#### [EXERCISE REQUIREMENTS]
Please return the listing exactly as it stands, skipping any pictures.

#### [INFORMATION PROVIDED]

________

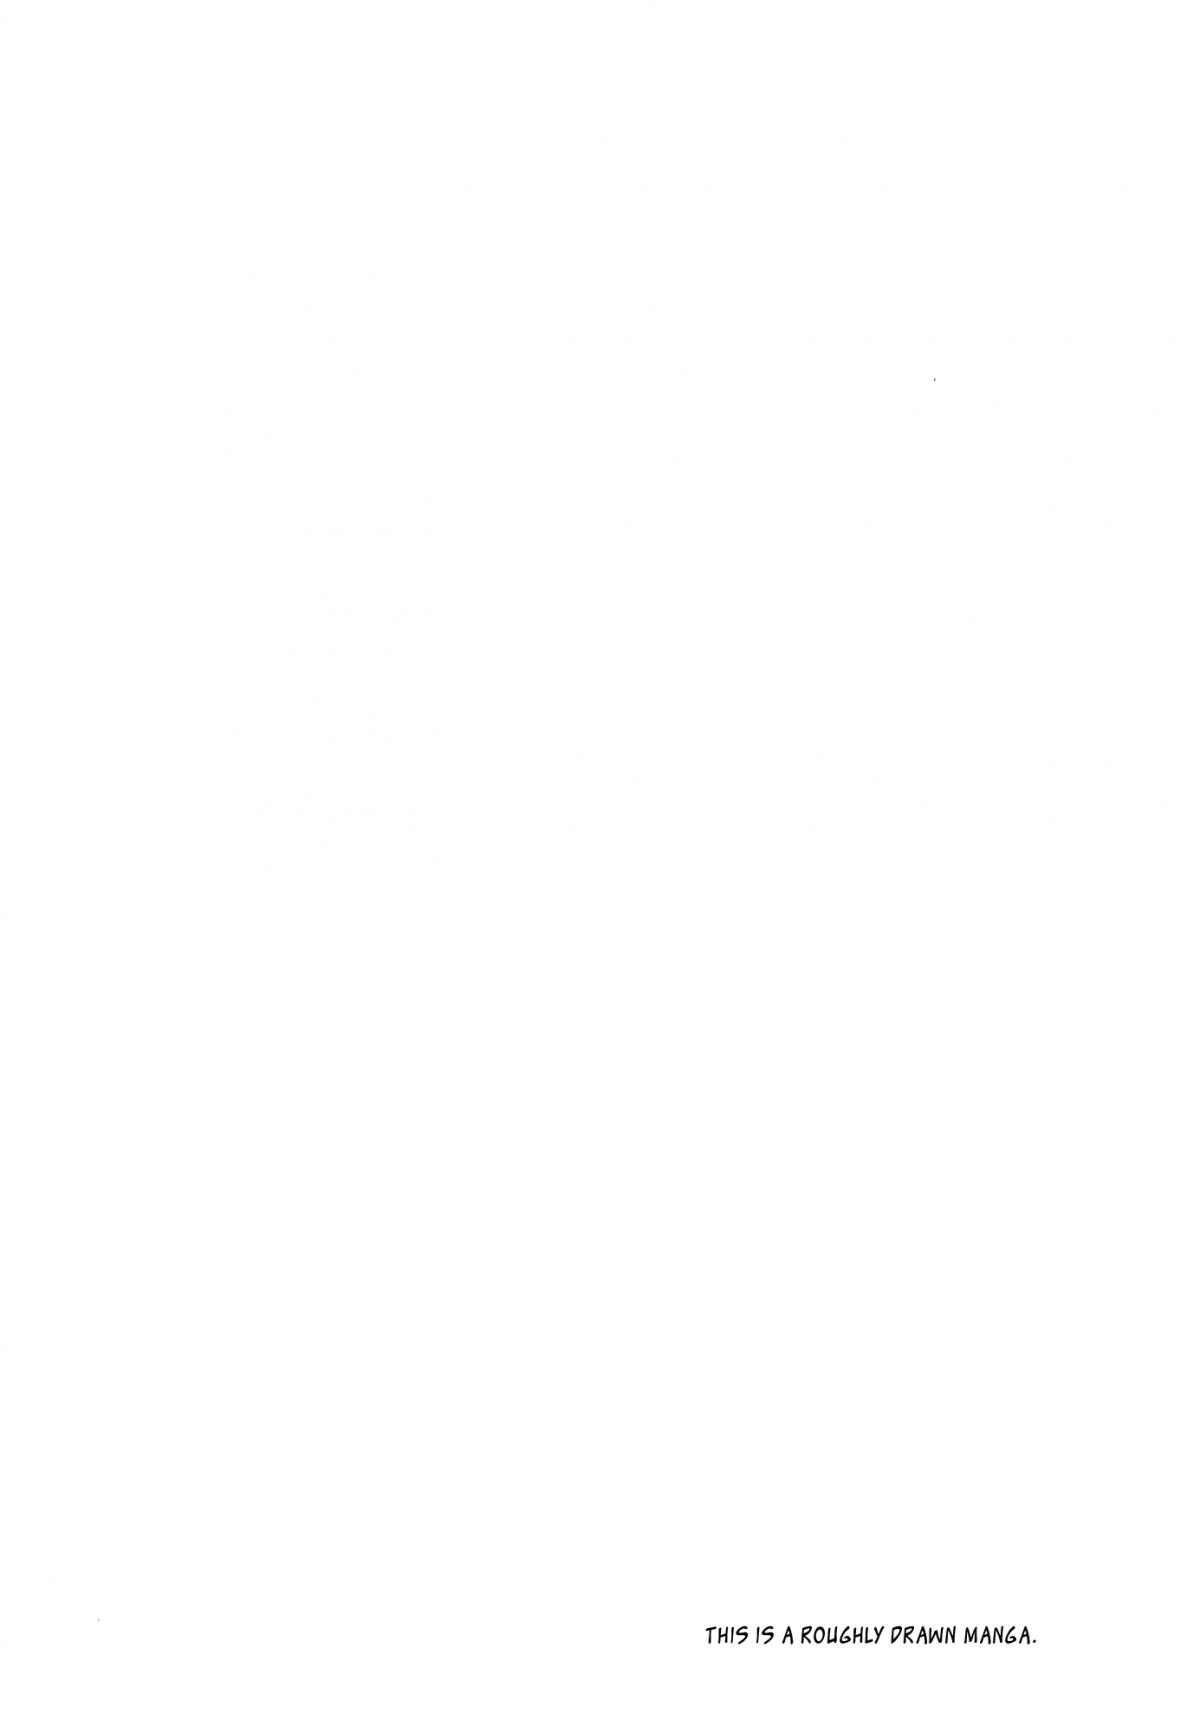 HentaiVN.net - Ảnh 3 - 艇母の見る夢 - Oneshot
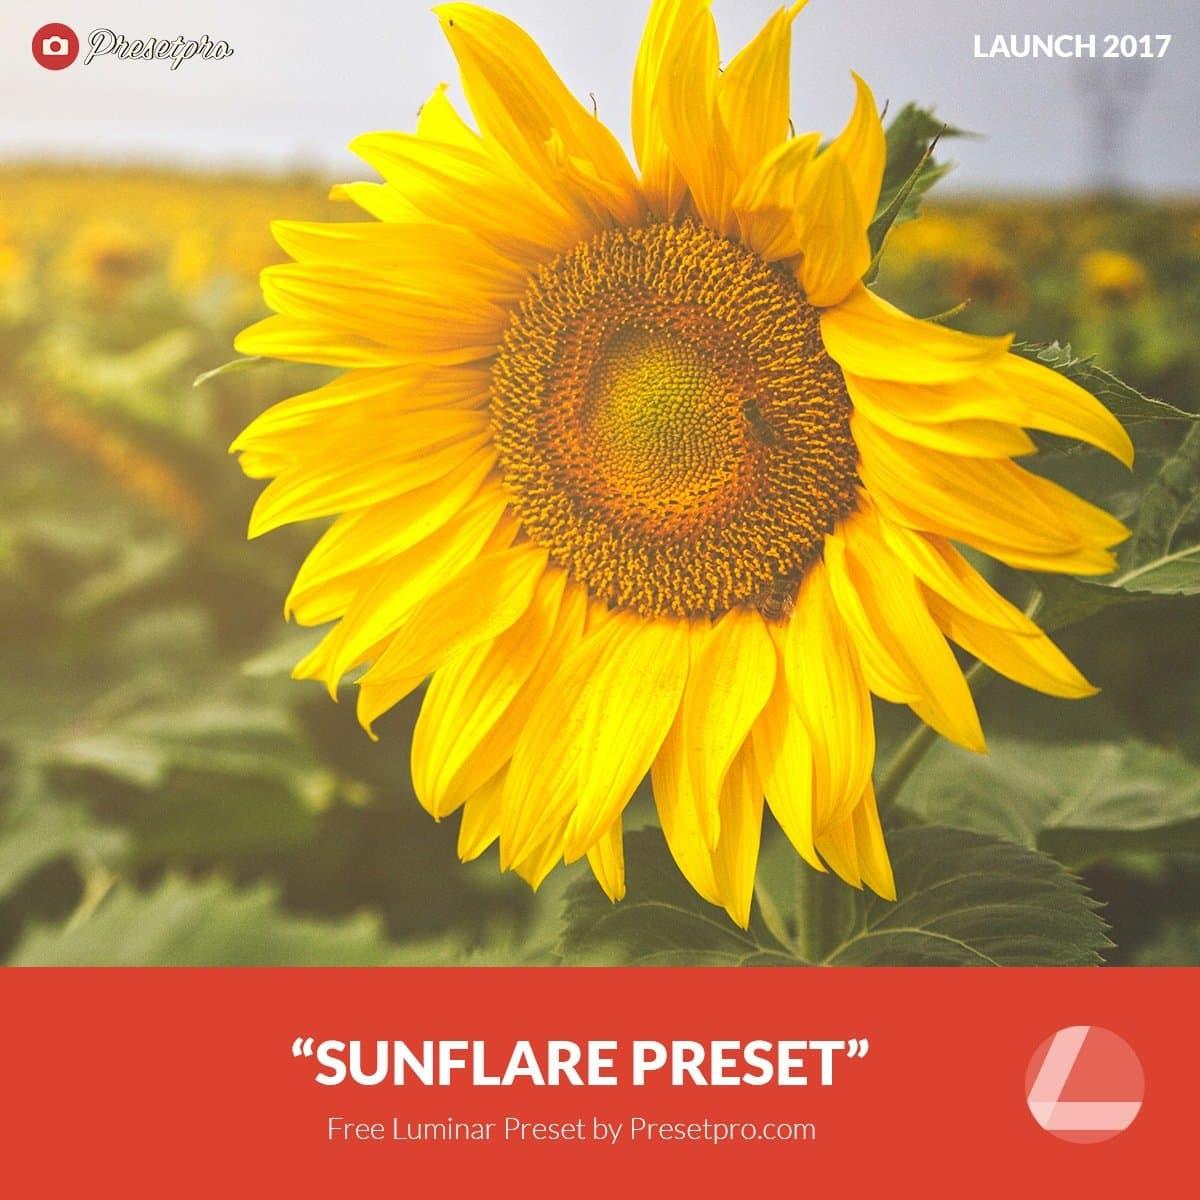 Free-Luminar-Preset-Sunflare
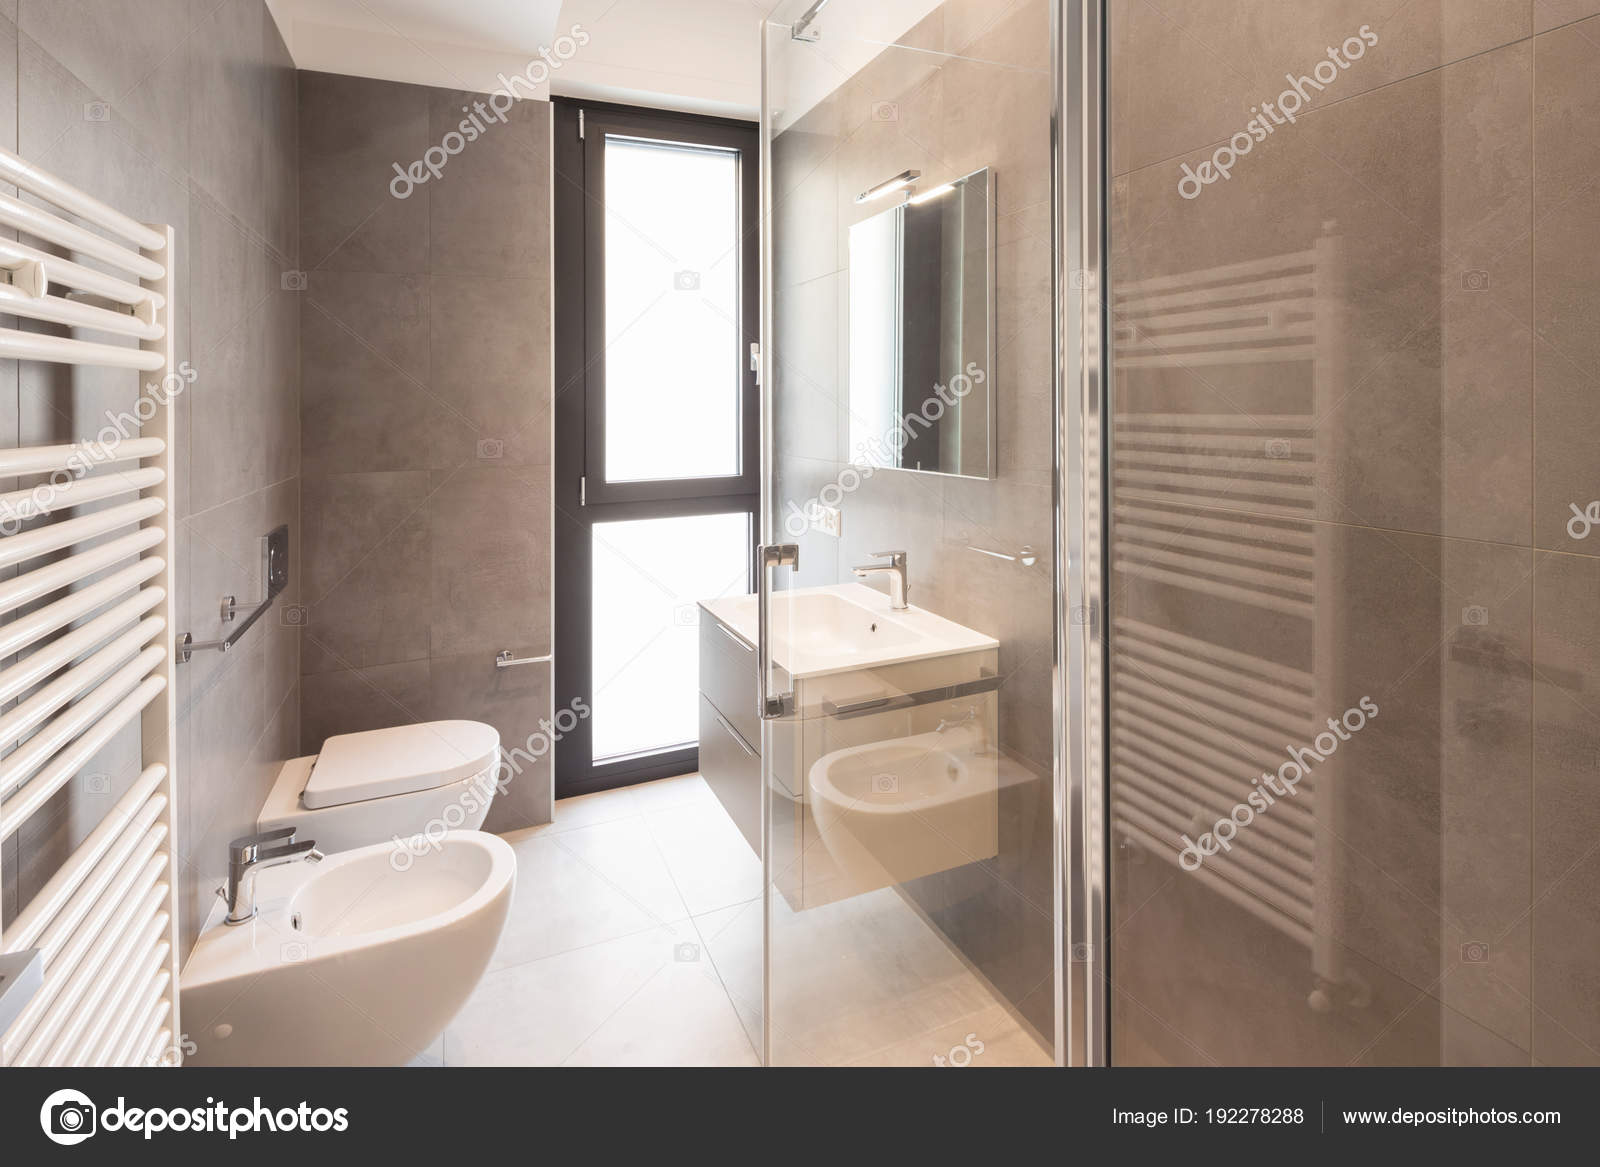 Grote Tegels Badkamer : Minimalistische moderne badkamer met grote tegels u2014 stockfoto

________

#### [TASK ANSWER]
 HentaiVN.net - Ảnh 3 - 艇母の見る夢 - Oneshot
 Free-Luminar-Preset-Sunflare
 Grote Tegels Badkamer : Minimalistische moderne badkamer met grote tegels u2014 stockfoto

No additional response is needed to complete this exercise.